Effects of the Invention As described above, the present invention provides an n-channel recording VTR.
- The tape is driven intermittently for one track during each intermittent operation, eliminating the need for a dedicated head for slow playback and allowing normal 2-track playback.
By sequentially storing in memory the playback signals played by n heads out of n playback heads when the tape is stopped during each intermittent operation, and reading field information from the memorized information, high Tut without noise can be achieved. Accordingly, it is possible to provide a magnetic recording and reproducing device that can obtain slow-motion reproduction images.
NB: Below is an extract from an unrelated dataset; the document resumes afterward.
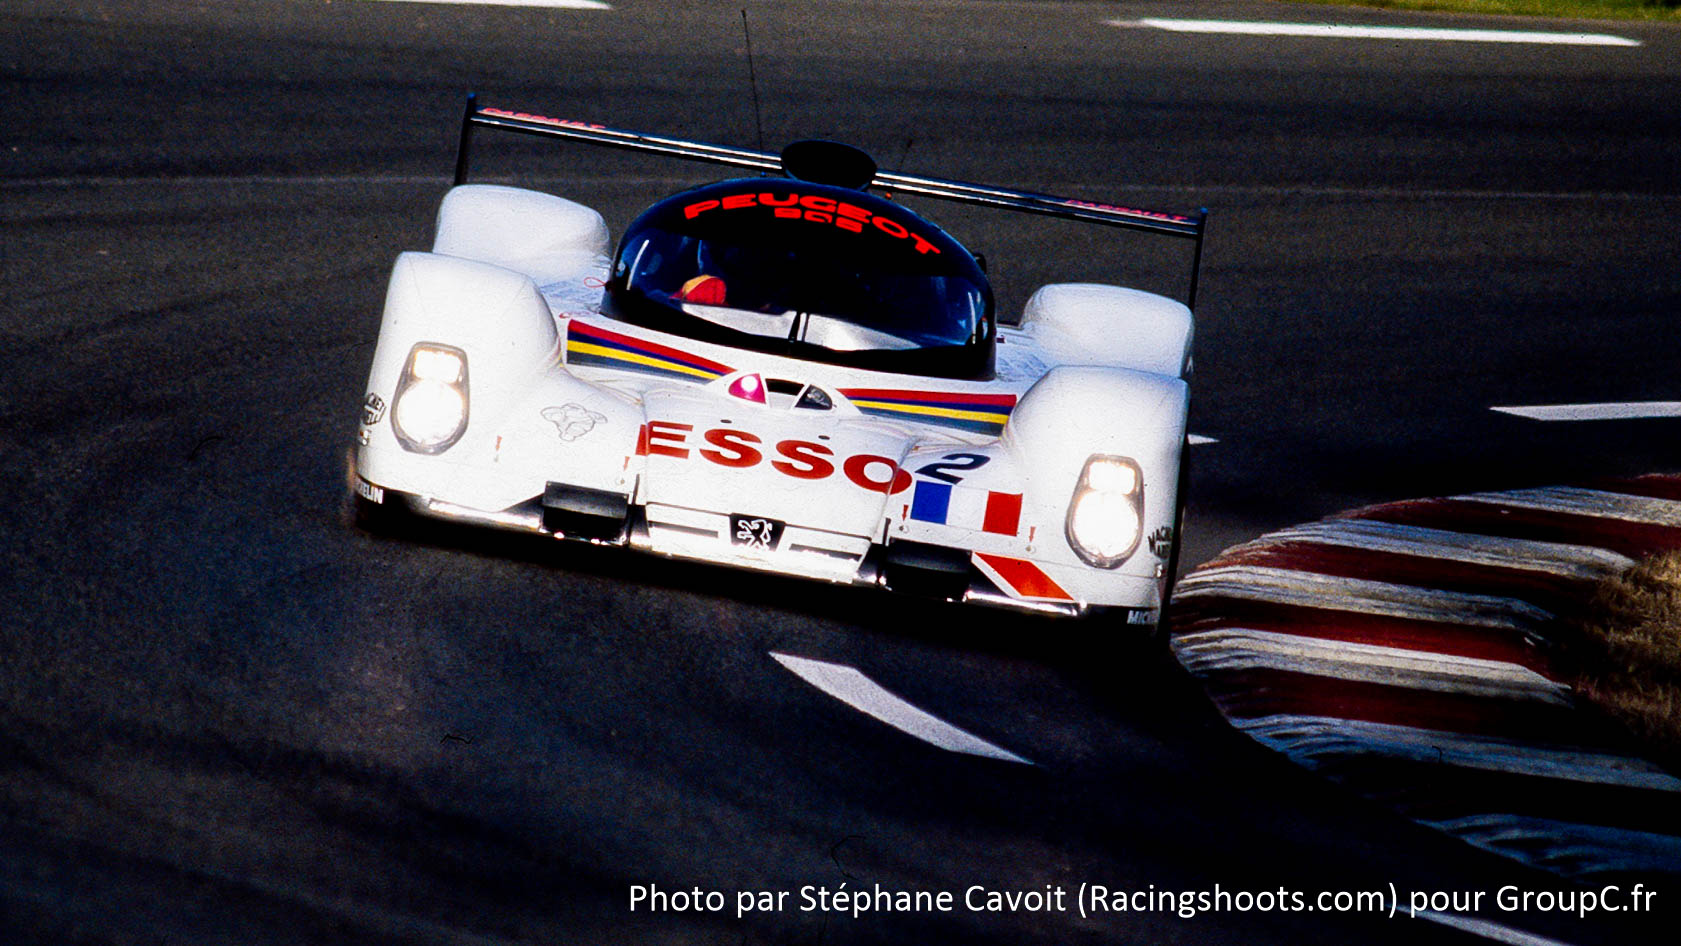 Peugeot 905, 24 Heures du Mans 1993 - photo Stéphane Cavoit

[Brief explanation of the drawing]

Fig. 1 is a block diagram of the magnetic recording/reproducing device, Fig. 2 is a head arrangement diagram of a rotating cylinder, Fig. 3 is a status diagram of the track and head trajectory in Still II, and Fig. 4 is a diagram of the tape and head in Still I. Figure 5 is a diagram showing the track and head trajectory of still LTI, Figure 6 is a diagram showing the position of the tape and head in still ■, and Figure 7 is a state diagram of the track and head trajectory in still I, ■, ■. , FIG. 8 is a head layout diagram of a conventional configuration. 1.2, 3.4.5.6...Head, 7...
. . . Head switch switching circuit, 8 . . . Head switch switching signal generator, 9 . . . Memory. Name of agent: Patent attorney Haruaki Koba and two others Figure 2 Figure 4 Figure 6

Claims (1)

[Claims] This is a magnetic recording and reproducing device that slowly reproduces video signals from a magnetic tape on which one field of video signals is recorded over n diagonal tracks (n is an integer of 1 or more), and includes a rotating cylinder and the rotating cylinder. 2n magnetic heads are arranged such that adjacent ones have different azimuth angles at an angle of 180°/n without a head step difference, and output video signals reproduced from the magnetic heads when the tape is stationary are selectively transmitted. The head switch switching signal generator includes a switching head switch circuit, a head switch switching signal generator that controls switching timing of the head switch circuit, and a memory circuit that stores a video signal selected by the head switch circuit. 1. A magnetic recording and reproducing apparatus characterized in that slow playback is performed by alternately repeating running and stopping of one track of the magnetic tape in synchronization with an intermittent feed.